München - Über die möglichen Nebenwirkungen von Baldrian ist ein Expertenstreit entbrannt. Das Komitee Forschung Naturmedizin wies in München Warnungen vor einer Suchtgefahr als falsch und irreführend zurück. "Nach allen bisher vorliegenden wissenschaftlichen Untersuchungen sind bei dem bewährten pflanzlichen Arzneimittel keine Abhängigkeit und keine Entzugserscheinungen zu befürchten", erklärte das Komitee. Die Naturmedizin-Experten widersprachen damit der Deutschen Gesellschaft für Psychiatrie, Psychotherapie und Nervenheilkunde.

Pro

Nach deren Überzeugung besteht eine Suchtgefahr vor allem bei Angstpatienten, die über einen längeren Zeitraum Baldrian in hohen Dosen einnehmen. Manche Patienten nähmen bis zu 200 Baldrianperlen am Tag. Wenn dieses Arzneimittel dann abgesetzt werde, könne es zu ernsten Entzugserscheinungen kommen. Die Patienten litten unter starker Unruhe, Schwindelanfällen, Schweißausbrüchen, erhöhtem Blutdruck und Herzrhythmusstörungen. Sogar Orientierungsverlust bis hin zum so genannten Delirium tremens könne die Folge sein.

Contra

Die Naturmediziner erklärten dagegen unter Berufung auf klinische Studien, der Baldrianextrakt habe nicht nur eine hohe therapeutische Wirksamkeit bei Einschlafstörungen, innerer Unruhe und Nervosität, sondern sei auch eine praktisch nebenwirkungsfreie Alternative zu synthetischen Präparaten. Das Komitee verwies auf eine Stellungnahme des Ravensburger Psychiatrie-Professors Volker Faust, der davor warnte, Entzugserscheinungen mit "Absetzerscheinungen" zu verwechseln.

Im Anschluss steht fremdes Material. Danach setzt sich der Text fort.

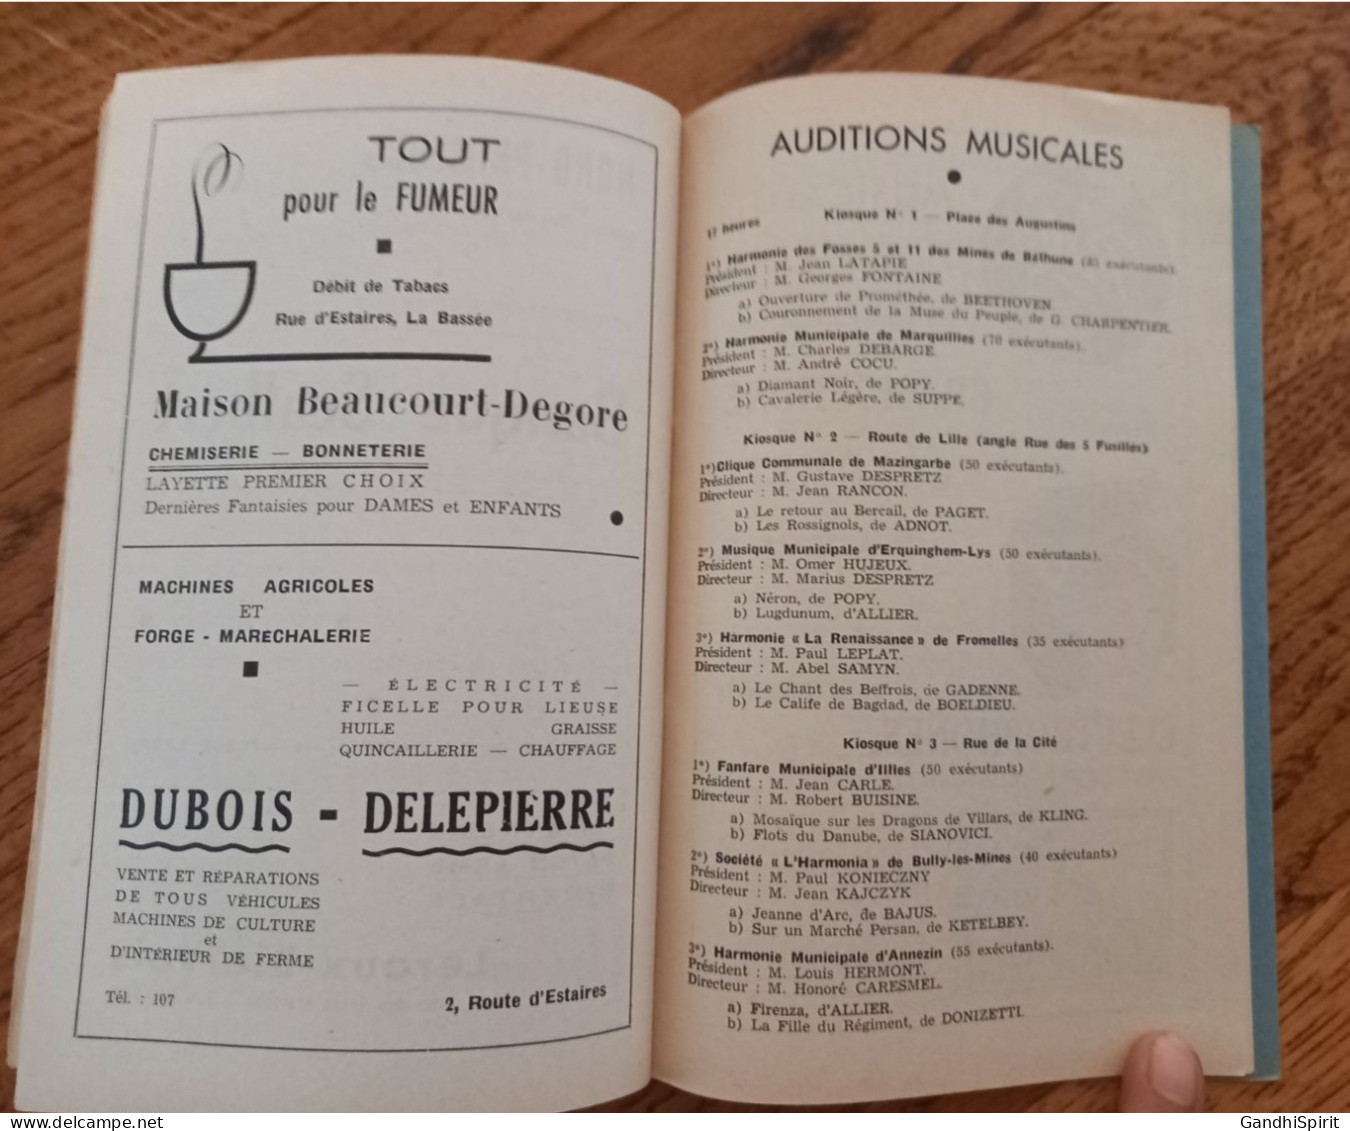 La Bassée - Grand Festival International de Musique 1952 Programme, Brochure Souvenir Pubs Cycles, Bières, Citroen...

"Absetzerscheinungen haben mit einer Sucht nicht zu tun", betonte Faust. Sie kämen auch bei nicht süchtig machenden Stoffen vor und seien nur der Hinweis darauf, dass der Organismus auf das plötzliche Fehlen einer Substanz irritiert reagiere. Allerdings warnte auch Faust vor einem Baldrian-Missbrauch und riet speziell bei Angststörungen, auf eine Selbstbehandlung zu verzichten und einen Arzt aufzusuchen.

Boom

Nach Angaben der Gesellschaft für Psychiatrie, Psychotherapie und Nervenheilkunde steigt nicht nur die Zahl der rezeptfrei gekauften Baldriantabletten, -tees und -tropfen stetig, sondern solche Präparate werden auch immer häufiger von Ärzten verordnet. Die beruhigenden Substanzen des Baldrians sind ätherische Öle und der Wirkstoff Valepotriat. Wie das pflanzliche Heilmittel im einzelnen auf das Nervensystem wirkt, ist den Psychiatern zufolge bisher noch nicht eindeutig geklärt. Gleichwohl hätten sich die Extrakte bei zeitweiligen Unruhezuständen, Prüfungsstress oder vorübergehenden Einschlafstörungen bewährt.(APA)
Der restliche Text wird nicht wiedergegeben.